Why is Louisiana complying with a costly plan already halted by the Supreme Court?
Recently, the U.S. Supreme Court took the unprecedented step of issuing a stay against President Obama’s massive “Clean Power Plan” (CPP.) The Court determined that states should not be compelled to pay the exorbitant costs of the plan until a federal court determines its legality. The ruling produced a huge sigh of relief from the 27 states currently suing to halt a large-scale transformation of their energy grid through one of the most far-reaching regulations ever imposed by the Environmental Protection Agency (EPA).
Essentially, states no longer need to scramble to achieve a 32% reduction in power sector carbon dioxide emissions by 2030. However, the power plan had required interim targets in 2022, and many states were already bracing for the costs of building new power sector infrastructure. Thankfully, states have been granted a reprieve. But Louisiana has chosen to move forward with the task of rebuilding its entire power generation sector. This means the state will still undertake the construction of new grid infrastructure, including the many new transmission lines and towers needed to carry electricity from planned wind and solar assemblies.
Ironically, wind and solar power have yet to prove reliable in terms of scalability for power generation. Such “renewable” sources of energy are intermittent—the sun doesn’t always shine, the wind doesn’t always blow—and require backup power generation from coal or gas plants. And so, even as Louisiana—a state that currently derives 29% of its power from coal—begins to shutter its coal-fired power plants, it will need to build new coal or gas systems to backstop these projected wind and solar plants.
The question is why Louisiana would bear this cost when it is currently under no legal obligation to do so. Higher utility bills will fall hardest on low-income families and America’s seniors, 70% of whom live on a fixed income. The stay by the Supreme Court means that all compliance deadlines are now suspended, and the stay will remain in effect until the Court has a chance to review the case following action by the D.C. Circuit.

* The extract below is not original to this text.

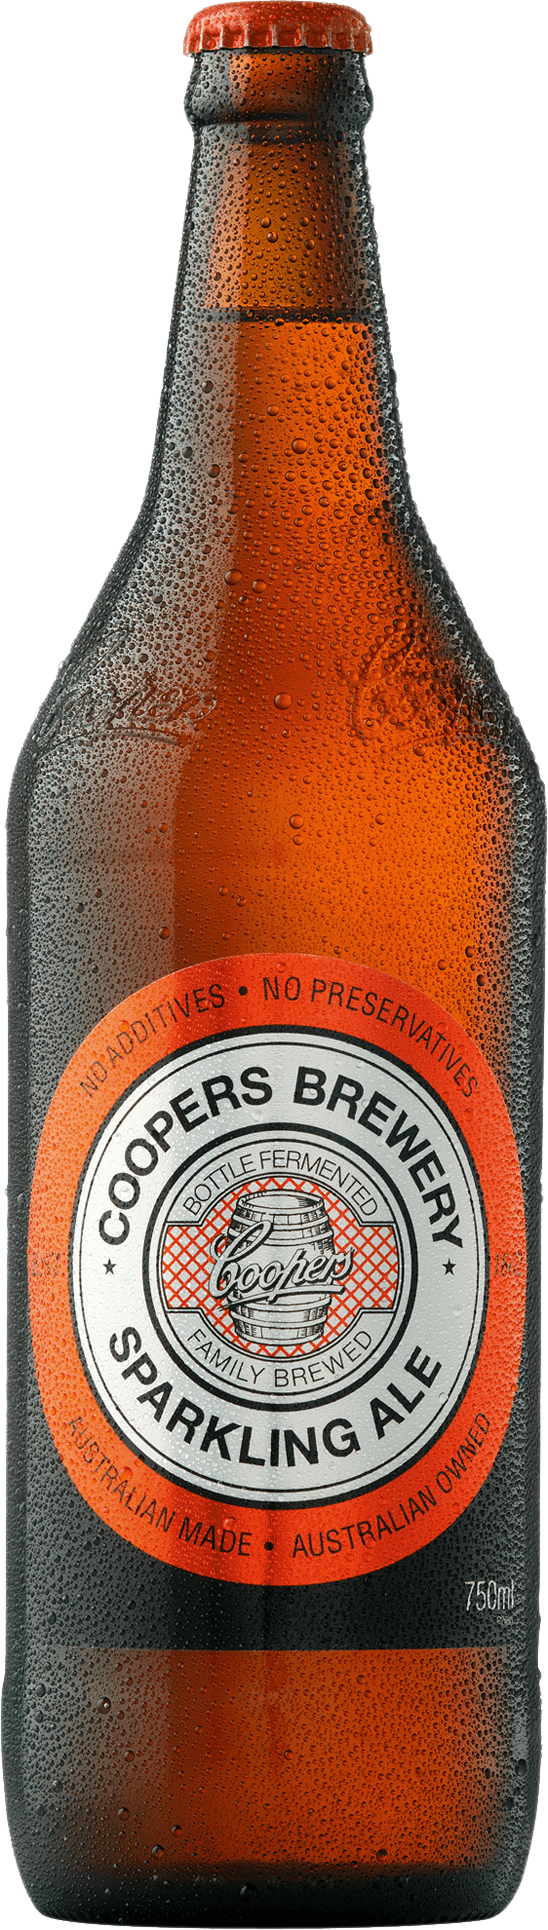 Coopers - Sparkling Ale (Red) / 750mL / Bottles

In fact, the earliest decision from the Court on the merits of the case would likely come in mid to late 2017. But the stay is only part of the reasoning here. More importantly, the rule could be struck down on judicial review. Many legal observers view this as likely since the point of granting the stay was to alleviate the obligation of states to develop plans (and thus incur further economic harm.)

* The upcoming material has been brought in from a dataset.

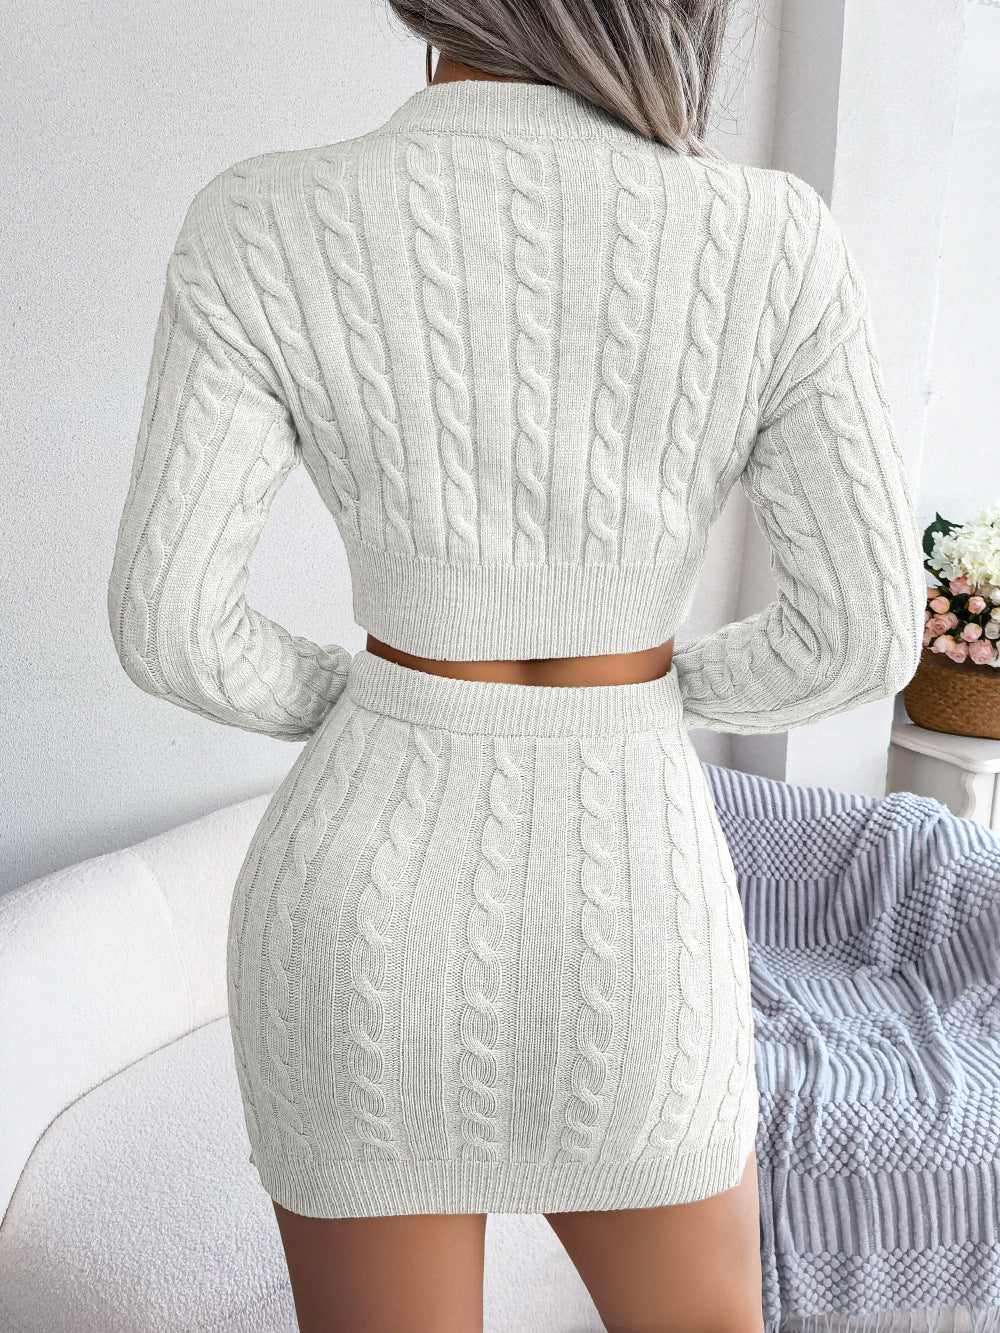 Two Piece Long Sleeve O-Neck Knitted Crop Top and Mini Skirt Set

The Supreme Court’s issuance of the stay can only be read as reflecting a high level of dissatisfaction with the EPA’s legal basis for the rule. Even in the very unlikely event that the EPA ultimately prevails in court and the stay is lifted, the new compliance dates will most likely be delayed by the period of time that the stay was in effect. Or, a new, less sympathetic administration may set aside the entire rule.
Terry M. Jarrett is an attorney with Husch Blackwell, L.L.P. in Jefferson City, MO, and a former commissioner of the Missouri Public Service Commission.